See eg https://ci.appveyor.com/project/ApacheSoftwareFoundation/arrow/builds/46696219. It seems to be related to int32 vs int64 being created

================================== FAILURES ===================================
_____________ TestZeroCopyConversion.test_zero_copy_dictionaries ______________
self = <pyarrow.tests.test_pandas.TestZeroCopyConversion object at 0x000001947D9150E0>
    def test_zero_copy_dictionaries(self):
        arr = pa.DictionaryArray.from_arrays(
            np.array([0, 0]),
            np.array([5]))
    
        result = arr.to_pandas(zero_copy_only=True)
        values = pd.Categorical([5, 5])
    
>       tm.assert_series_equal(pd.Series(result), pd.Series(values),
                               check_names=False)
E       AssertionError: Attributes of Series are different
E       
E       Attribute "dtype" are different
E       [left]:  CategoricalDtype(categories=[5], ordered=False)

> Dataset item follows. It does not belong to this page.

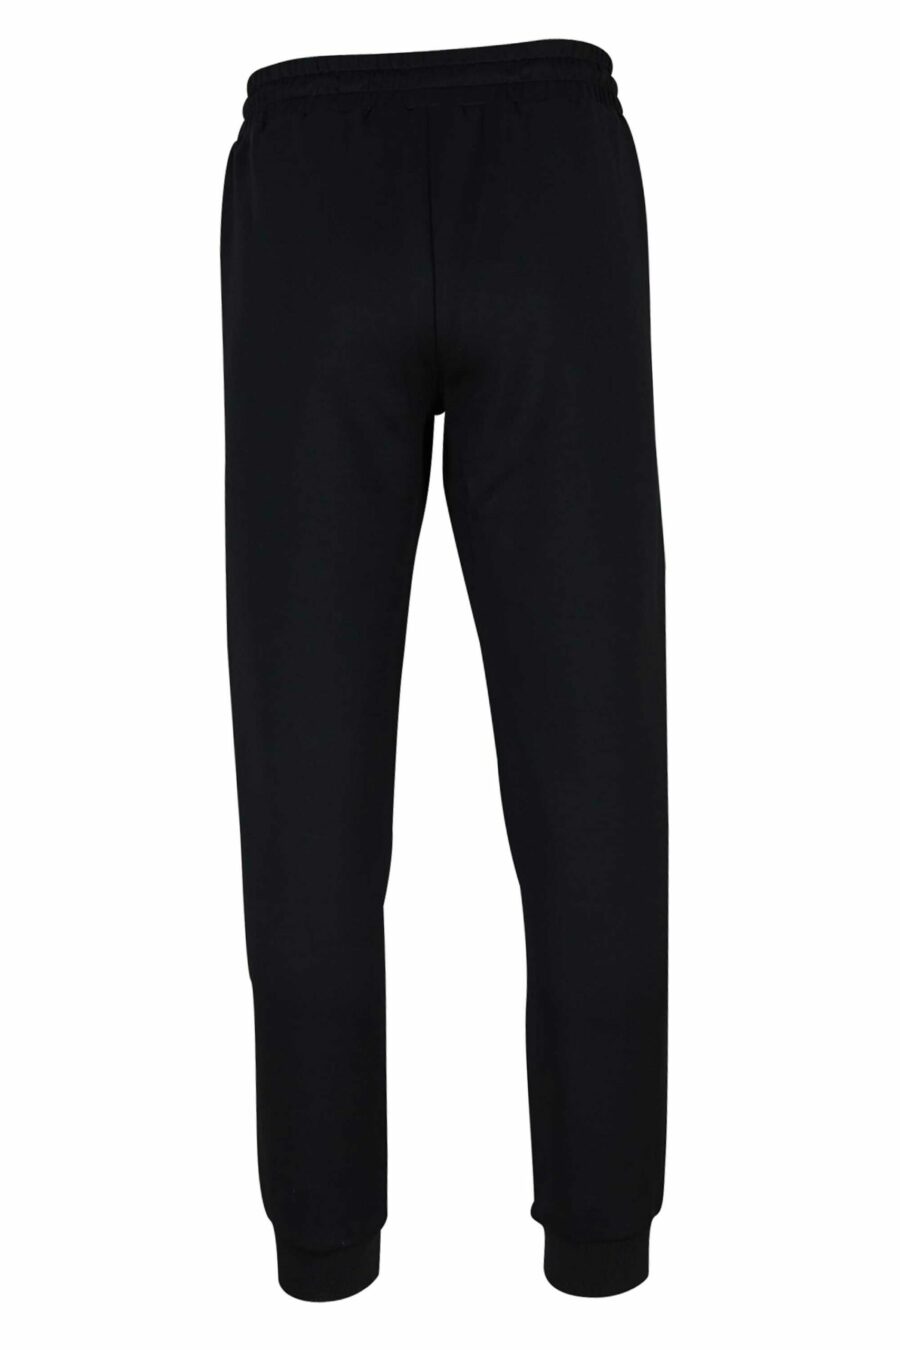 Pantalón de chándal negro con lineas blancas y logo en metal "lux identity" - 8057767646189 2 scaled
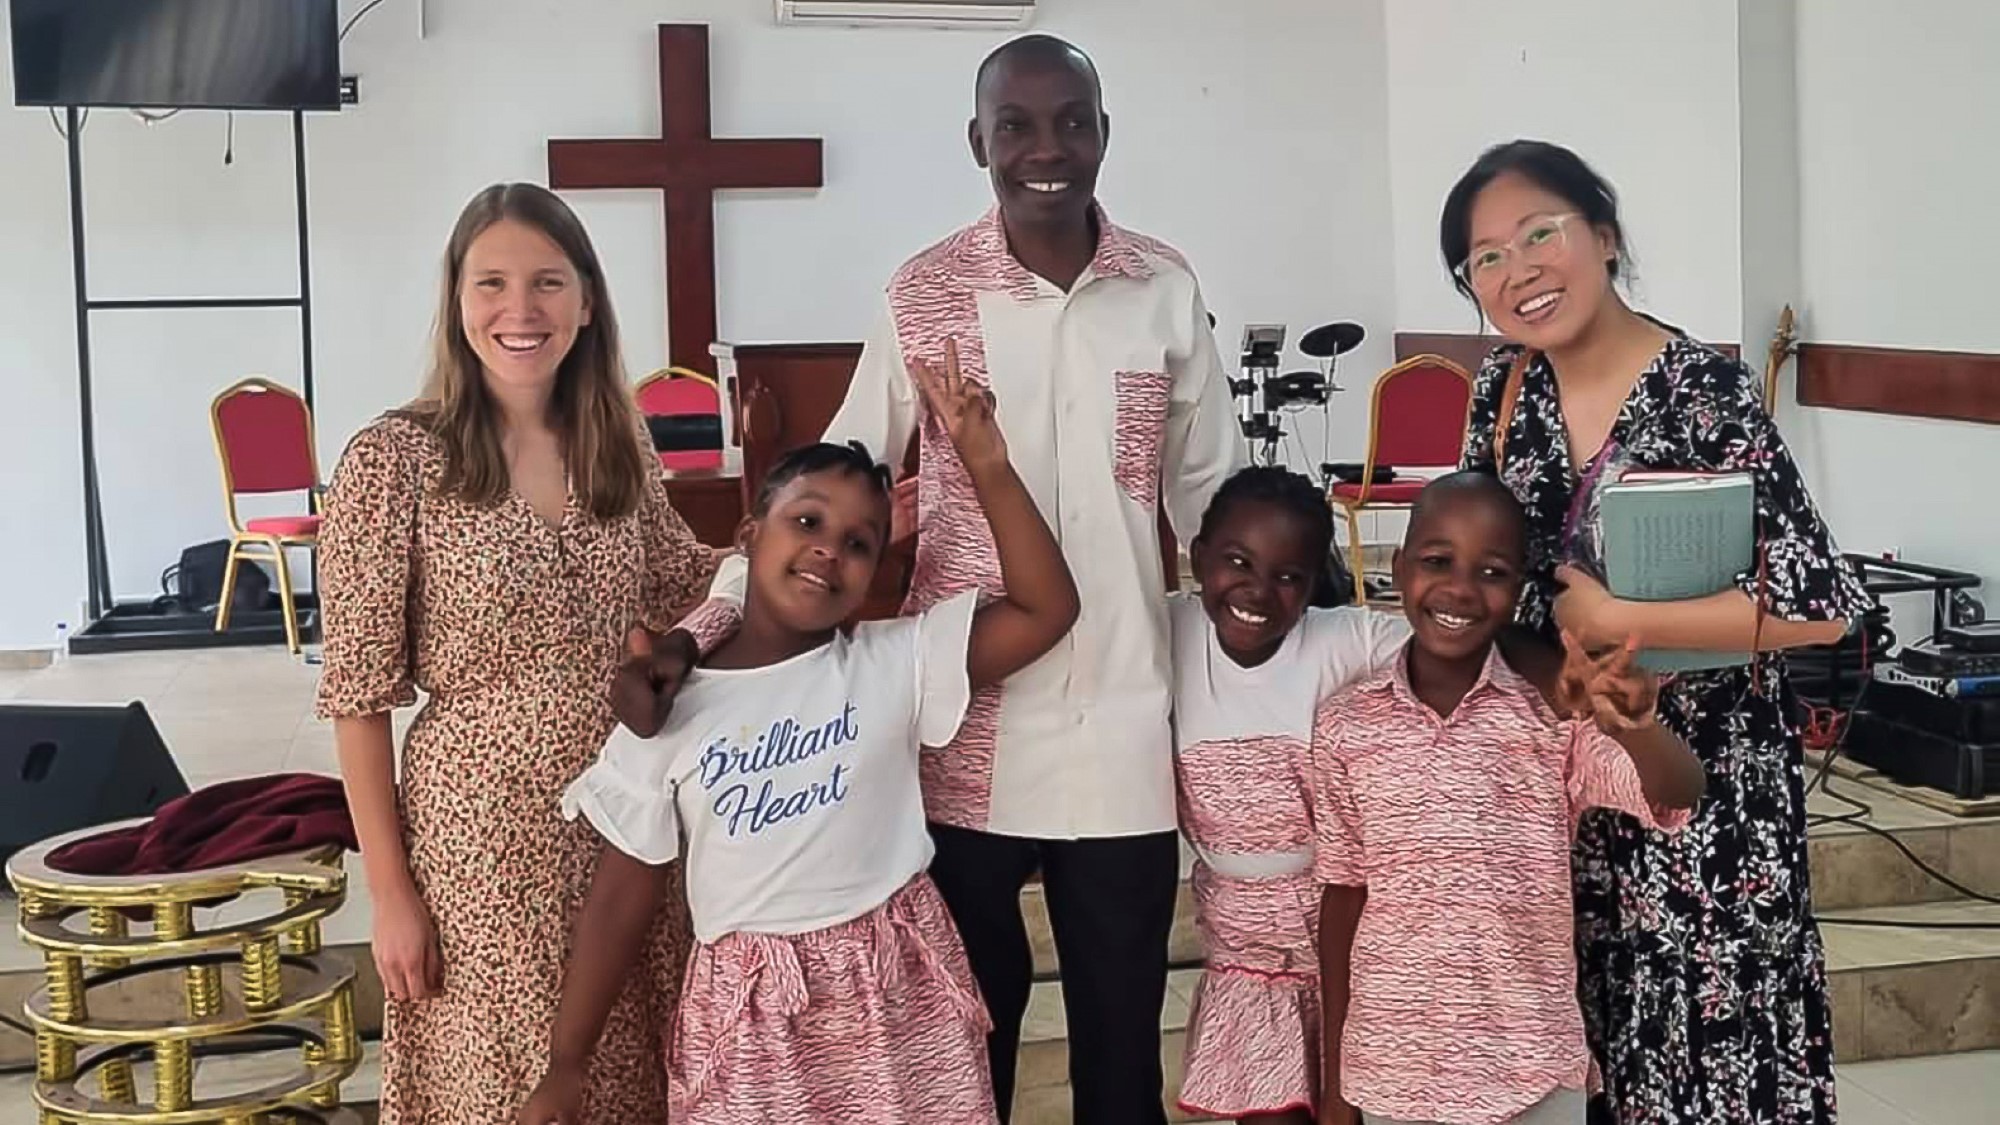 Helene og en familie på gudstjeneste i den internasjonale menigheten "Maison de la destinée"

E       [right]: CategoricalDtype(categories=[5], ordered=False)
pyarrow\tests\test_pandas.py:2578: AssertionError
_______ test_dataset_read_pandas_common_metadata[_metadata-False-True] ________
tempdir = WindowsPath('C:/Users/appveyor/AppData/Local/Temp/1/pytest-of-appveyor/pytest-0/test_dataset_read_pandas_commo2')
use_legacy_dataset = True, preserve_index = False, metadata_fname = '_metadata'
    @pytest.mark.pandas
    @parametrize_legacy_dataset
    @pytest.mark.parametrize('preserve_index', [True, False, None])
    @pytest.mark.parametrize('metadata_fname', ["_metadata", "_common_metadata"])
    def test_dataset_read_pandas_common_metadata(
        tempdir, use_legacy_dataset, preserve_index, metadata_fname
    ):
        # ARROW-1103
        nfiles = 5
        size = 5
    
        dirpath = tempdir / guid()
        dirpath.mkdir()
    
        test_data = []
        frames = []
        paths = []
        for i in range(nfiles):
            df = _test_dataframe(size, seed=i)
            df.index = pd.Index(np.arange(i * size, (i + 1) * size), name='index')
    
            path = dirpath / '{}.parquet'.format(i)
    
            table = pa.Table.from_pandas(df, preserve_index=preserve_index)
    
            # Obliterate metadata
            table = table.replace_schema_metadata(None)
            assert table.schema.metadata is None
    
            _write_table(table, path)
            test_data.append(table)
            frames.append(df)
            paths.append(path)
    
        # Write _metadata common file
        table_for_metadata = pa.Table.from_pandas(
            df, preserve_index=preserve_index
        )
        pq.write_metadata(table_for_metadata.schema, dirpath / metadata_fname)
    
        dataset = pq.ParquetDataset(dirpath, use_legacy_dataset=use_legacy_dataset)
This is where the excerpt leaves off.